Login vs group roles in PostgreSQL - Performance Comparison
When checking user permissions in PostgreSQL, we often look at logins and group roles.
We want to understand how the time to verify permissions grows as the number of roles or groups increases.
Analyze the time complexity of checking if a user belongs to a specific group role.
-- Check if user has the target_role directly
SELECT 1
FROM pg_auth_members m
JOIN pg_roles r ON m.roleid = r.oid
WHERE m.member = (SELECT oid FROM pg_roles WHERE rolname = 'username')
AND r.rolname = 'target_role';
This query checks if 'username' is a direct member of 'target_role'.
Look for repeated checks or loops in the query.
- Primary operation: Scanning membership links between users and roles.
- How many times: Once per membership record related to the user.

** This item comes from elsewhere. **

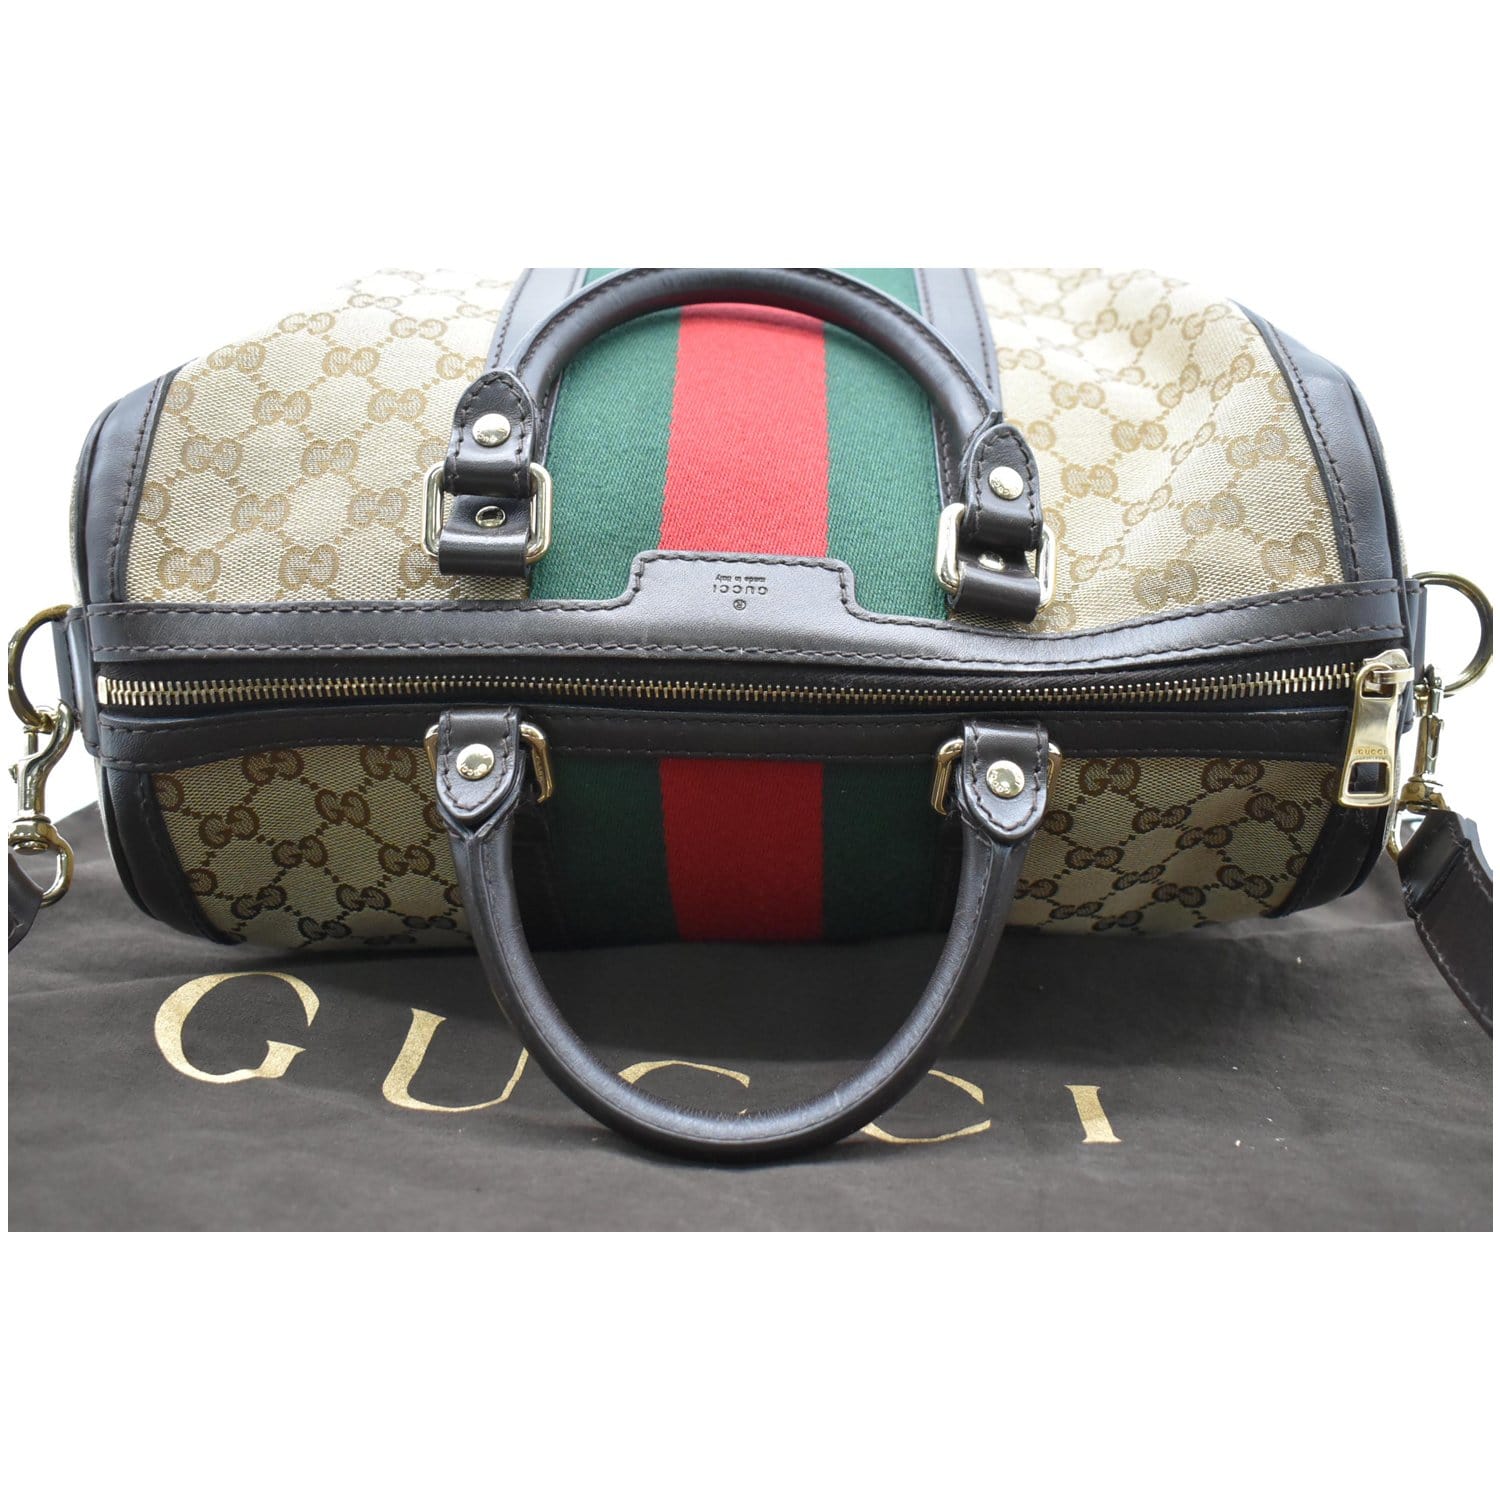 Gucci, Bags, Soldvintage Authentic Gucci Speedy Bag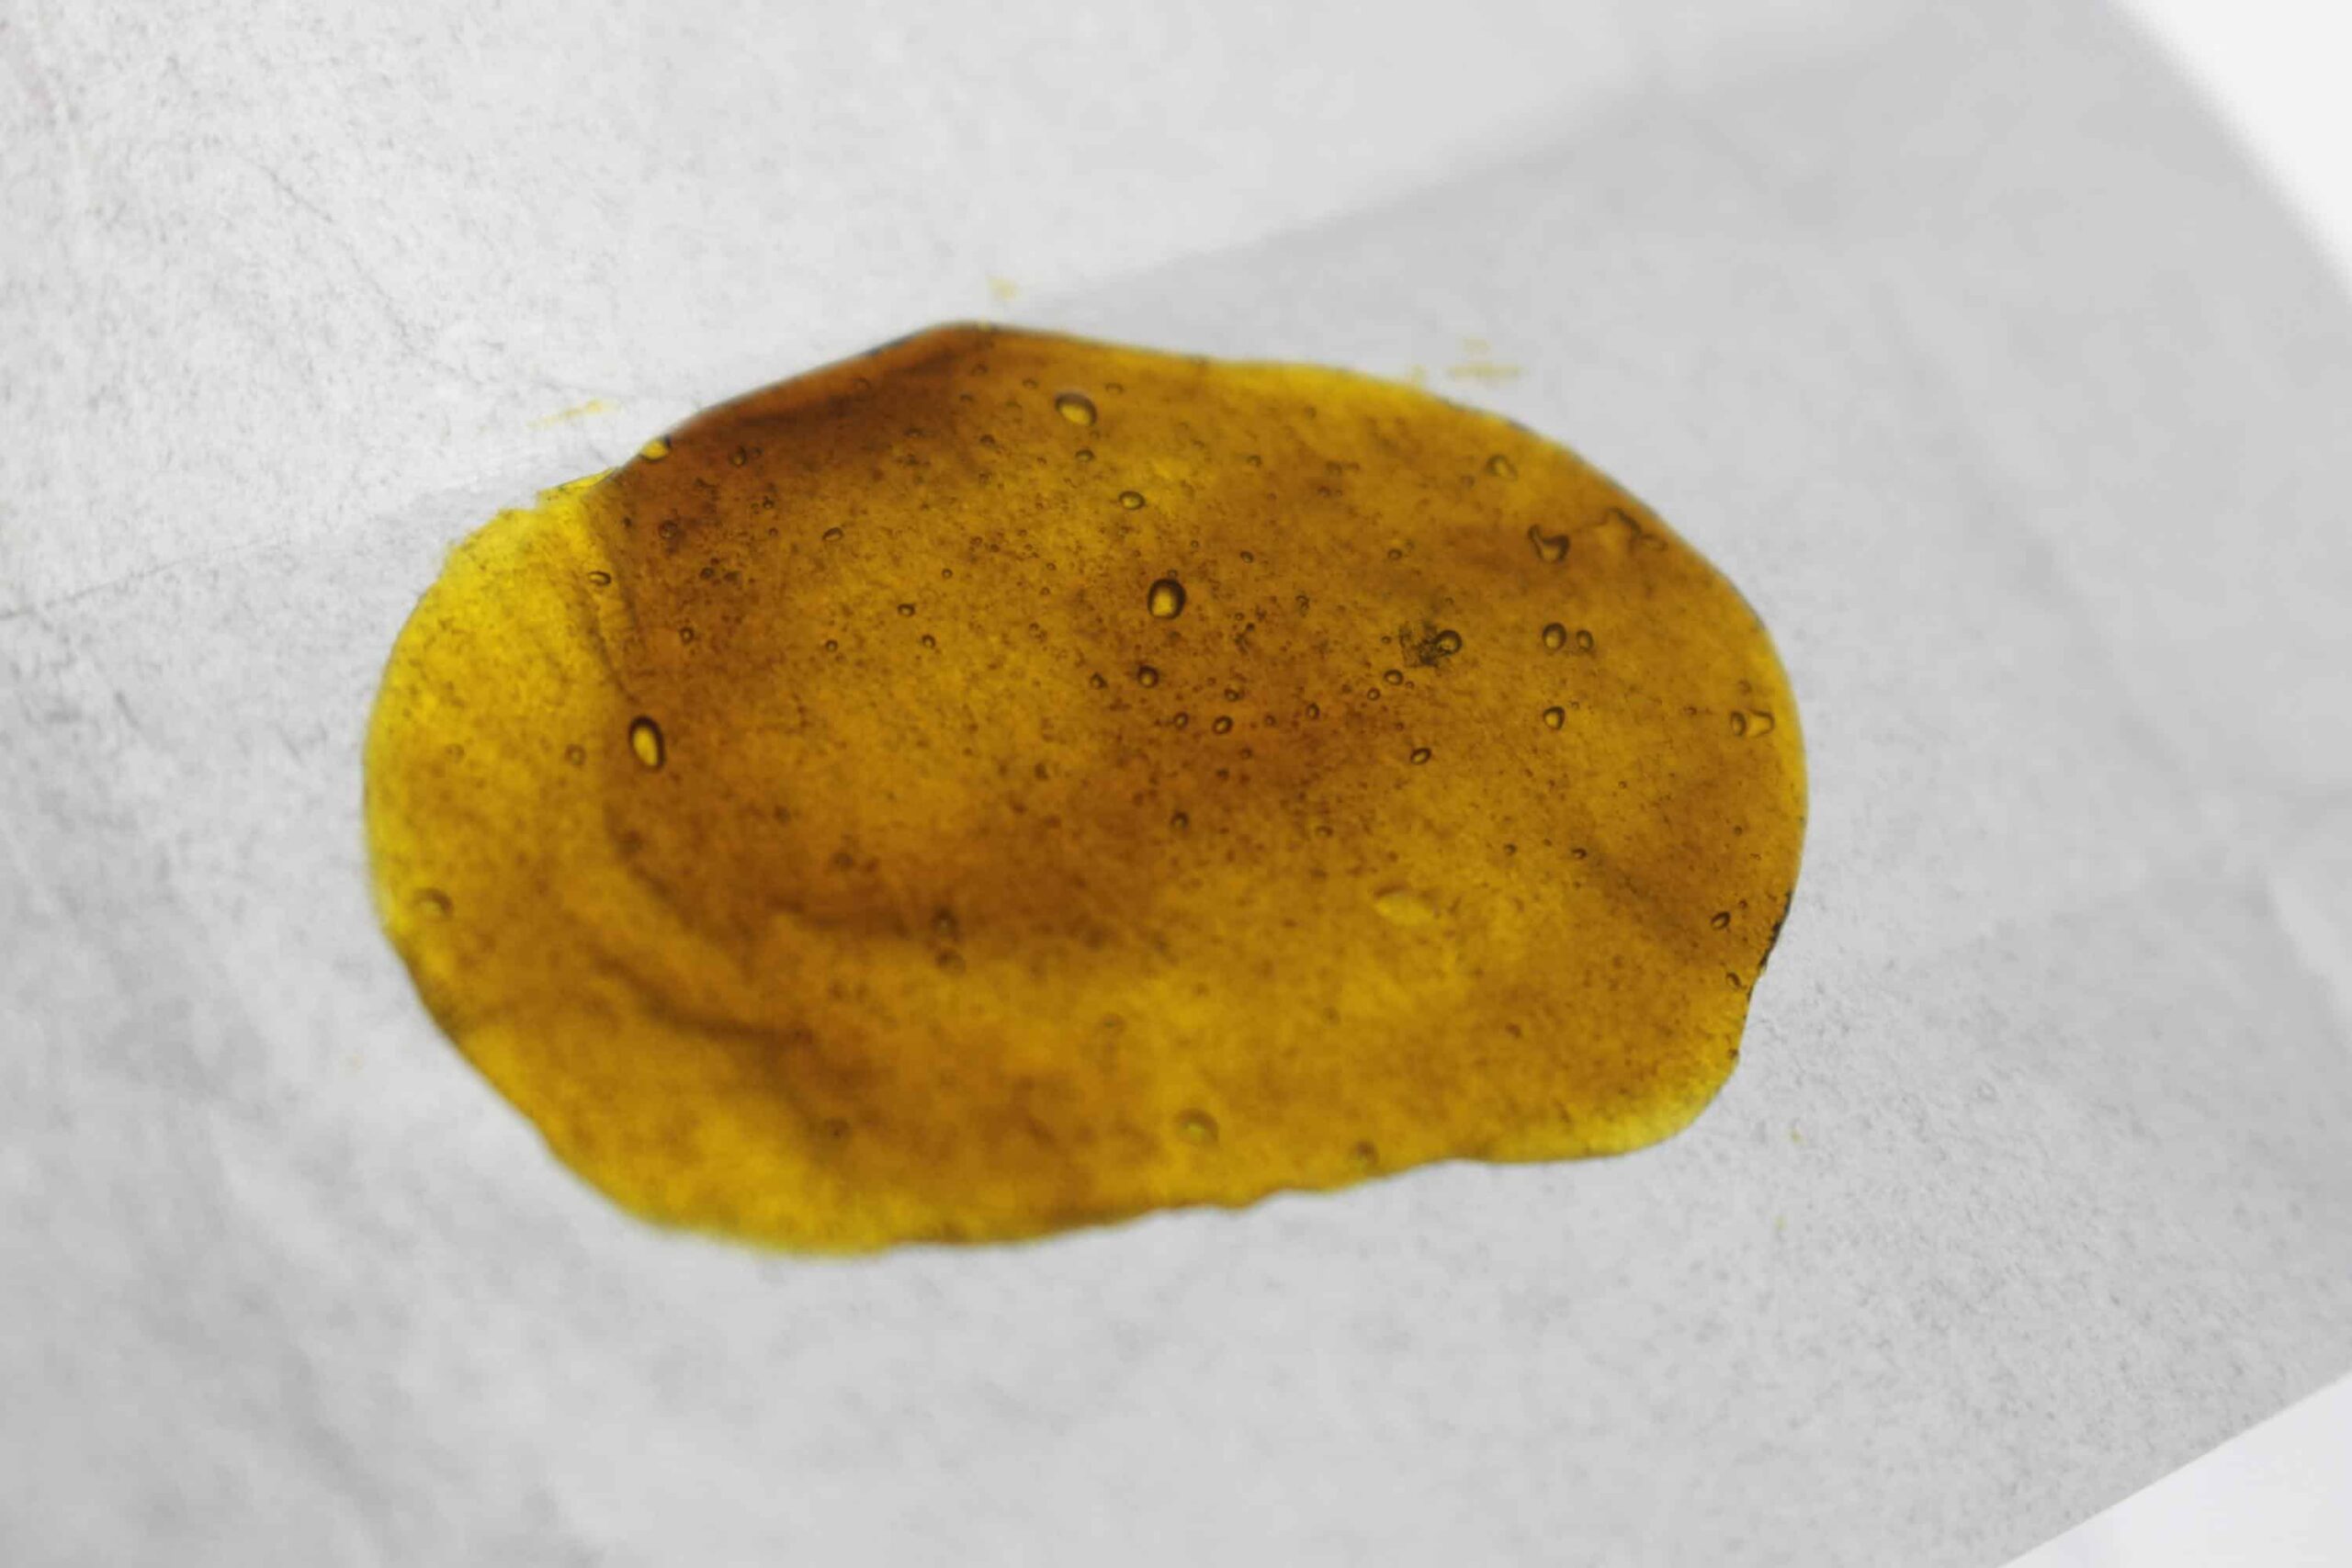 Live Resin after the flash freezing process.

As the number of group roles a user belongs to grows, the checks increase.
| Input Size (number of roles/groups) | Approx. Operations |
|---|---|
| 10 | 10 membership checks |
| 100 | 100 membership checks |
| 1000 | 1000 membership checks |
Pattern observation: The number of checks grows linearly with the number of roles/groups.
Time Complexity: O(n)
This means the time to check permissions grows in direct proportion to the number of roles or groups the user belongs to.
[X] Wrong: "Checking group roles is instant and does not depend on how many groups a user has."
[OK] Correct: Each group membership must be checked, so more groups mean more work.
Understanding how permission checks scale helps you design efficient access control in real systems.
"What if we cached group memberships for users? How would that change the time complexity?"